Many track circuits and axle counters already have sensors for remote monitoring. In Britain, for example, this number reaches 40%. The latest IoT sensors can simultaneously measure many parameters and even be powered by the energy from the train vibration while it’s running. In addition, the data is collected by the sensors and transmitted to the server for processing and analysis. This process can be automated using artificial intelligence algorithms instead of the need for specialists to analyze the collected data. Every minute, sensors collect a large amount of data from the entire railway line. AI technology can easily group similar data and identify new, previously missed patterns. More detailed information will help the company accurately predict when a particular mechanism may fail and, as a result, perform preventive maintenance proactively.

As well as sensors, drones can monitor the signaling equipment, trains, cars and infrastructure objects. Some applications, such as TerraDrone, allow the creation of 3D models based on shots taken by drones. Using these tools is convenient when modeling the signaling system, the track, stations, and trains. Since the signaling system does not exist in isolation from other railway infrastructure facilities, this solution is convenient because it provides data from all the railway lines. 

Implementing these solutions allows you to:

  • Organize continuous monitoring of the interlocking equipment status with an indication of deviations from the norms.
  • Easily interface with microprocessor-based equipment;
  • Build new software.
  • Perform quality control and maintenance on the equipment.
  • Create the prerequisites for the transition to new methods of device maintenance. 

If necessary, you can expand the system by adding special modules. One example is the automatic analysis of current oscillograms obtained during the translation of the station points to diagnose their condition. It may be necessary to provide different conditions for all of the rail infrastructure objects on a single line as they may be located a long distance from each other. Therefore, the complete digitalization of railways would also help in the field of improving safety. 

Conclusions

Signaling failures often happen because of physical causes such as rail contamination, corrosion, heat, or flooding conditions. To minimize risks of their occurrence as well as expenses they cause, we advise:

  • To have a reliable on-premises team that can help to fix the issue immediately, and apply maintenance measures in due time.
  • To consider IoT solutions for the railways, such as smart sensors, drones, and simulation software. Implementing the entire IoT ecosystem will help the company to analyze data and apply timely predictive maintenance.
  • To consider modern protective materials while designing the railway station. They will help reduce the incidence of contamination.
  • When you have to upgrade equipment, design a new signaling system or station, contact a team of signaling engineers with a corresponding college degree and great experience in the rail industry. They will be able to suggest effective rail solutions that will suit your railway conditions. 

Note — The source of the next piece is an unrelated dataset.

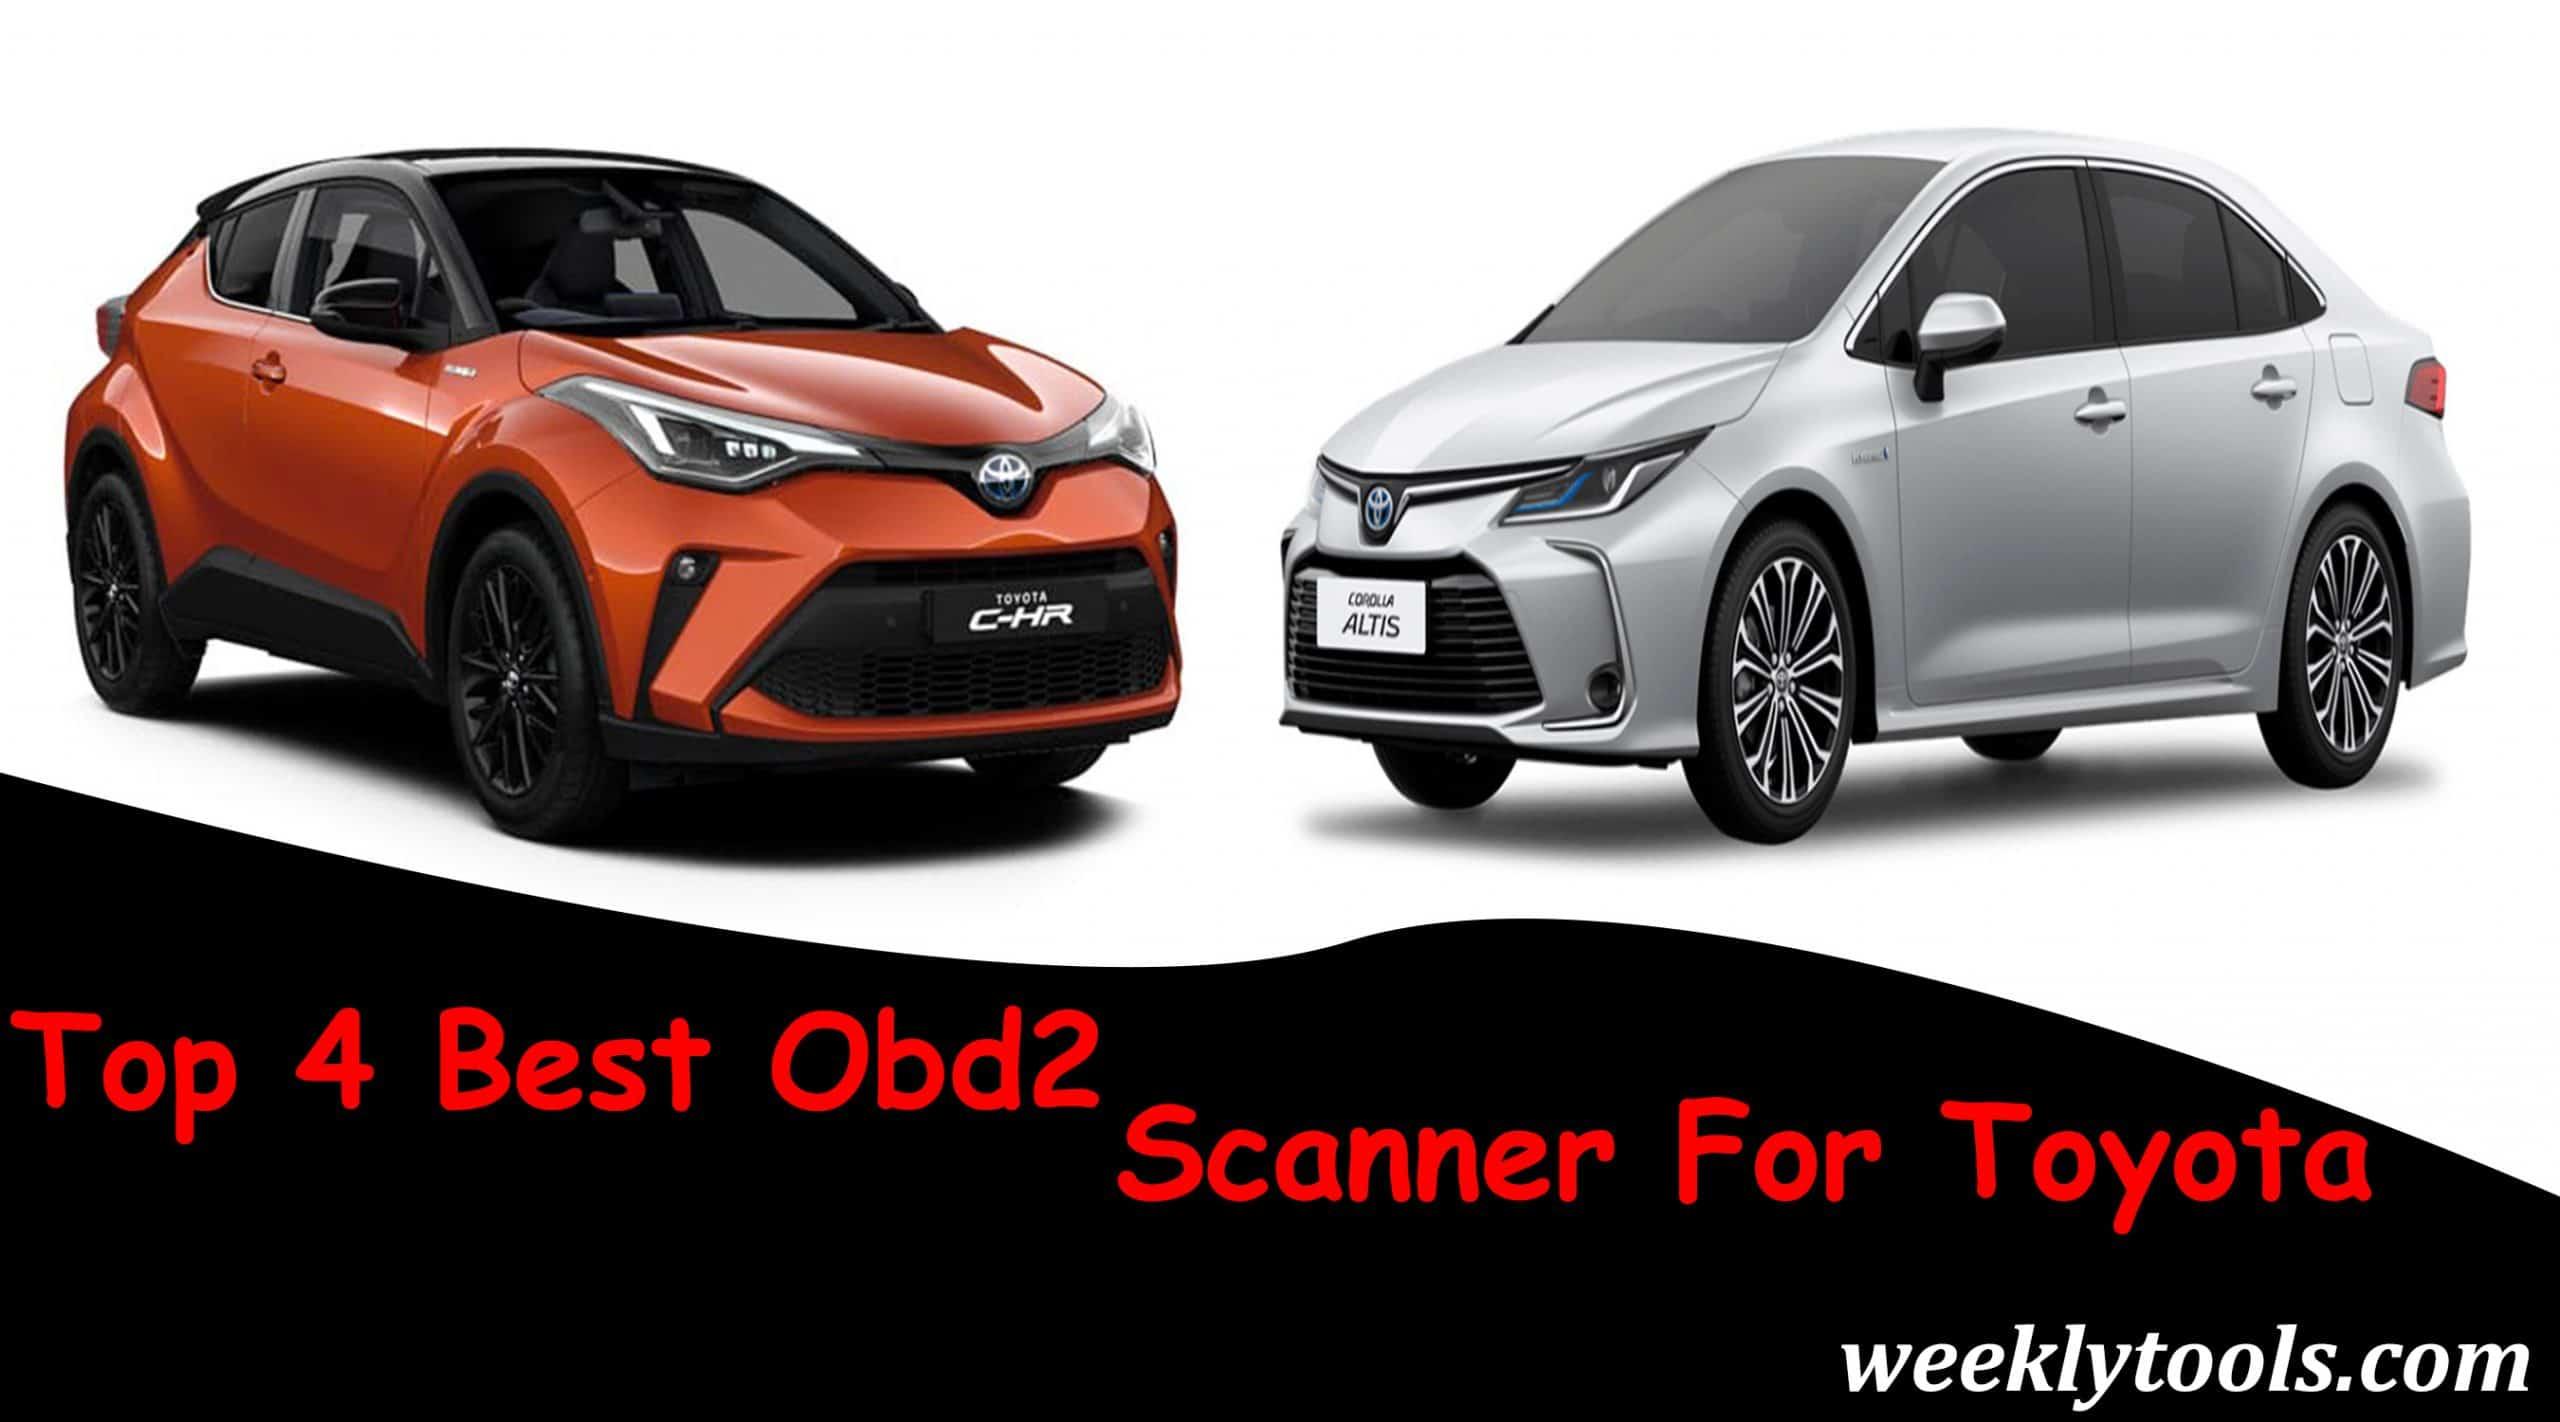 Best Obd2 Scanner For Toyota

If you correctly implement a strategy to improve the signaling system by taking into account advice from above at the design stage, you would minimize train and freight delays, and therefore reduce costs of railway operation. The best option is to implement continuous computer monitoring, as well as AI algorithms to be able to identify the problem before it occurs. Finally, digitization of the entire railway line is the most effective and optimal path.

Zach Prystash is Business Development Manager, Rail Signaling at Professional Software Associates Inc. (PSA). Thriving at the junction of railway signaling and the Industrial Internet of Things (IIoT) inside PSA, Zach specializes in building client solutions that bring together signaling technologies and overall business objectives. A liaison to PSA’s invaluable technical engineering team, he provides companies with expertise in the signal design of electrical interlockings, microprocessors and relay-processor systems.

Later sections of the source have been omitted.